Halevi offers Jews a model of productive engagement, teaching by example how to speak about Israel not just with sensitivity but also with honesty and integrity. And yet Halevi would be the first to admit that if only Jews buy his book, it will have been a failure. In order to reach everyday Palestinians, Halevi has released the Arabic translation of his book for free online. But of course he cannot compel his Palestinian neighbor to read it. Crucially, Palestinians still must choose to read Halevi’s letters and be exposed to the Israeli perspective. It is not altogether clear why Halevi thinks Palestinians will make that choice now, or even why listening to one another’s stories will help break the deadlock and achieve some real understanding. At times, the best reason he can offer is “the possibility of miracle—especially in this land,” noting that “as a religious person,” he is “forbidden to make peace with despair.” Elsewhere, he speculates that, because Israel has changed often since the 1980s, “if the past is any indication, we are due for another drastic shift in the Israeli story.”

Many readers will want reasons more solid than the winds of history or the possibility of miracles. For them, Halevi suggests that intimacy between Palestinians and Israelis could create a “basis for political flexibility, for letting go of absolutist claims,” and for fighting through the pain of trauma. “We must know each other’s dreams and fears” so both parties can work around some of their own. 

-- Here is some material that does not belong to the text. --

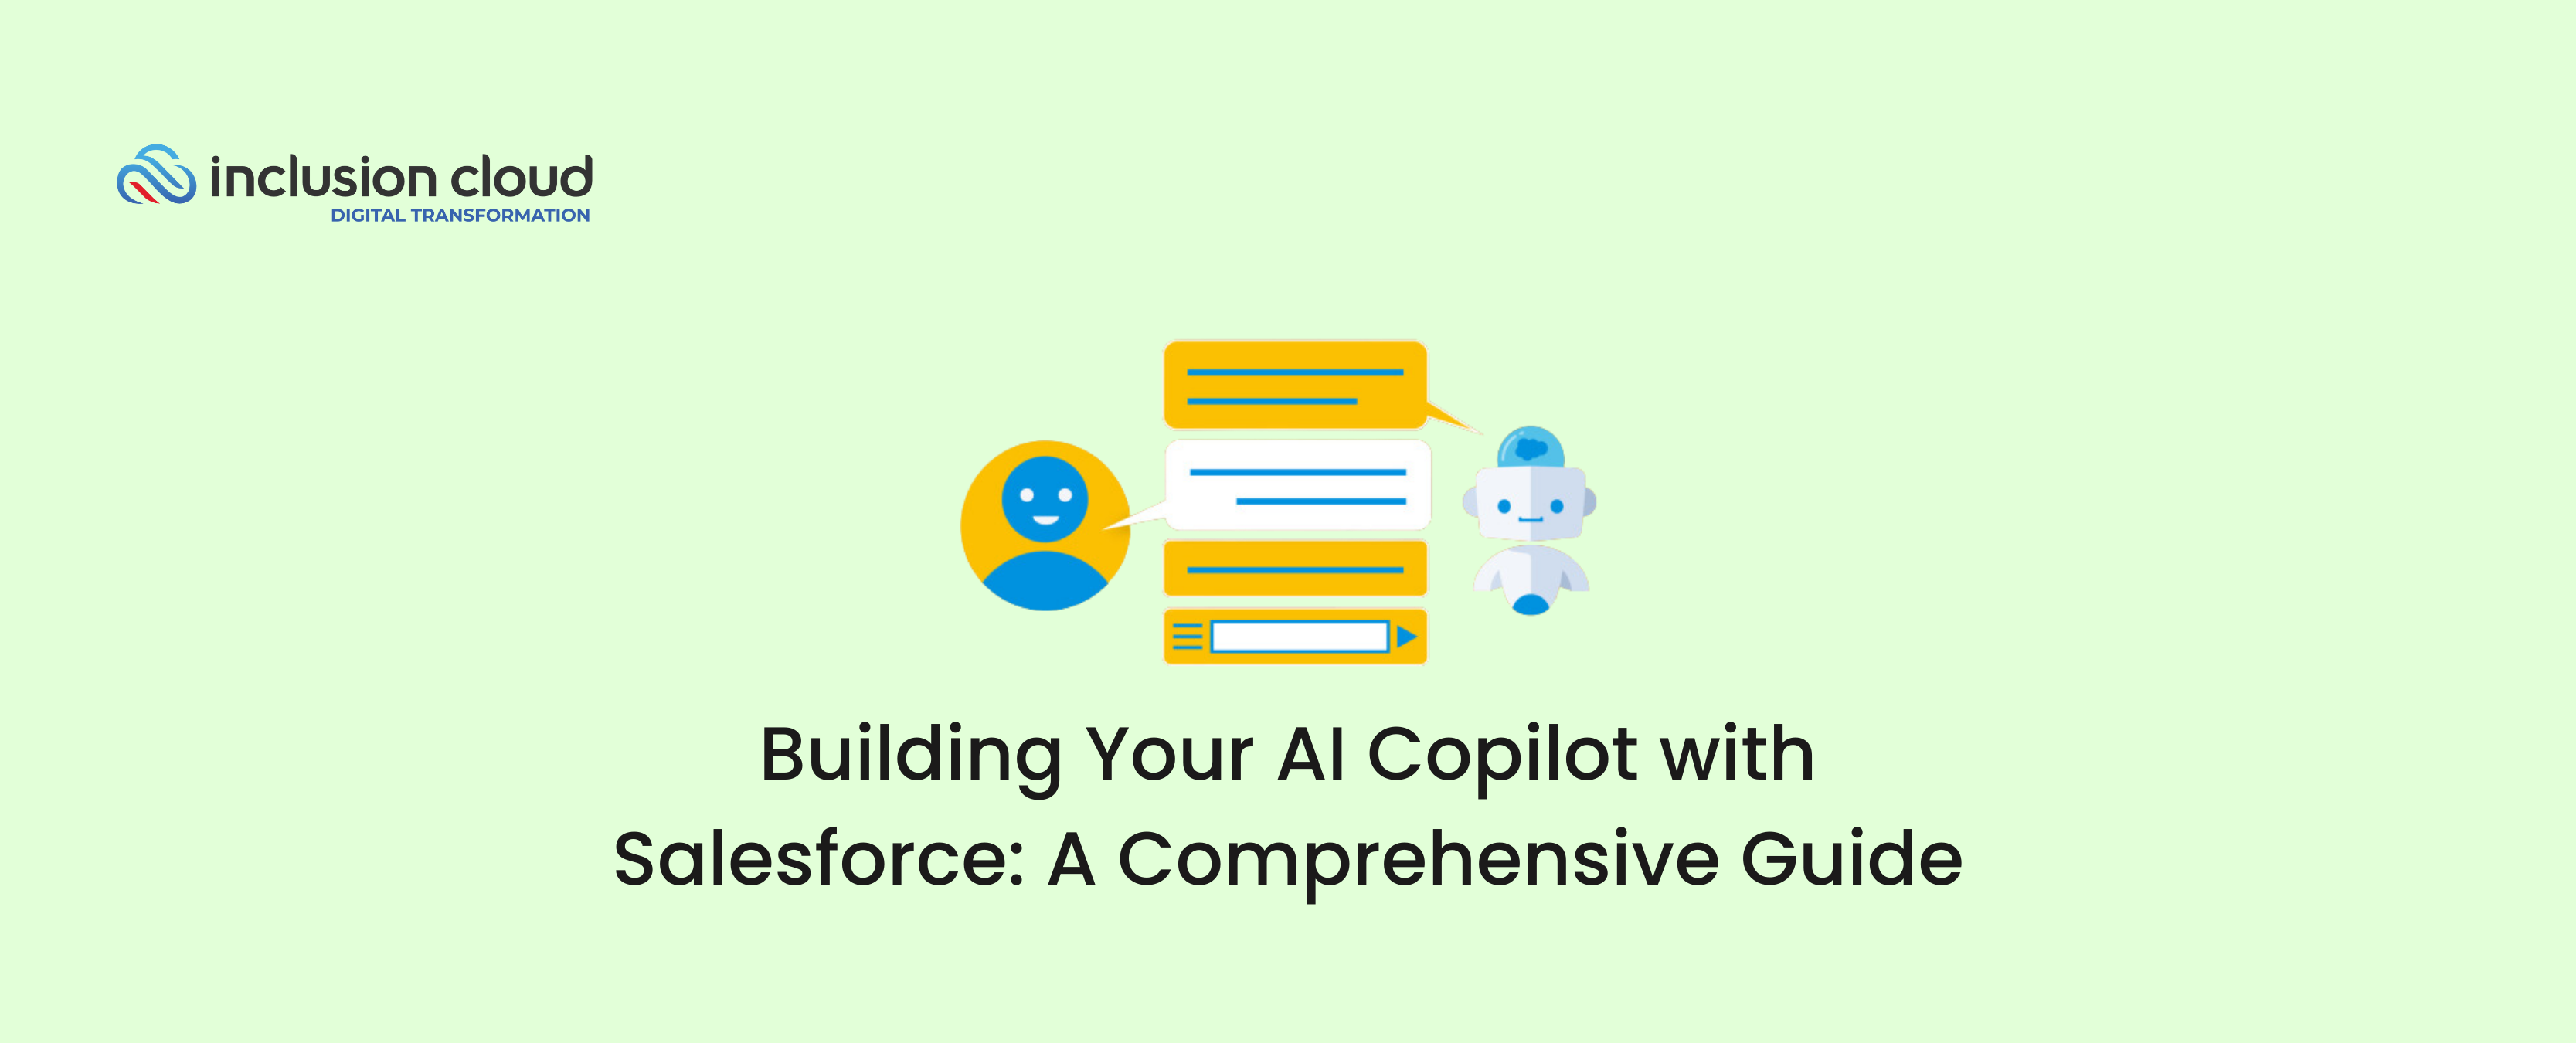 Building your AI Copilot with Salesforce.

Here, Halevi is at his best. He recognizes that until the Palestinians understand the Jewish attachment to the entire biblical land of Israel, any partition will remain unthinkable. Exchanging stories matters because Palestinians must realize that “partition is an act of injustice” not just to their side, but to the Israelis, too. After all, political moderation makes sense only in the face of worthy yet compelling claims to justice.

Storytelling is not the only path to intimacy. In a previous book, At the Entrance to the Garden of Eden, Halevi wrote of Jewish–Muslim brotherhood through the mystical search for God. Indeed, he has predicted in these pages that “the next step in the evolution of the interfaith encounter will be shifting from dialogue to shared spiritual experience. Interfaith will become a great spiritual adventure, providing access to one another’s inner worlds.”

While Halevi may verge on the sentimental in matters of religion, when it comes to politics, he hopes for only enough intimacy to convince the Palestinians that they must respect a border. “No two people who have fought a hundred-year existential war,” he writes, “can share the intimate workings of government.” Furthermore, he recognizes that even a Palestinian cold peace would probably require a miracle, and to my relief, he makes clear that he will not give away the house until that miracle occurs.

If, one day, a Palestinian of Halevi’s stature publishes Letters to My Jewish Neighbor, and his book is imbued with the same understanding, charity, and dignity, we will know that the miracle is under way. Hugging will be superfluous.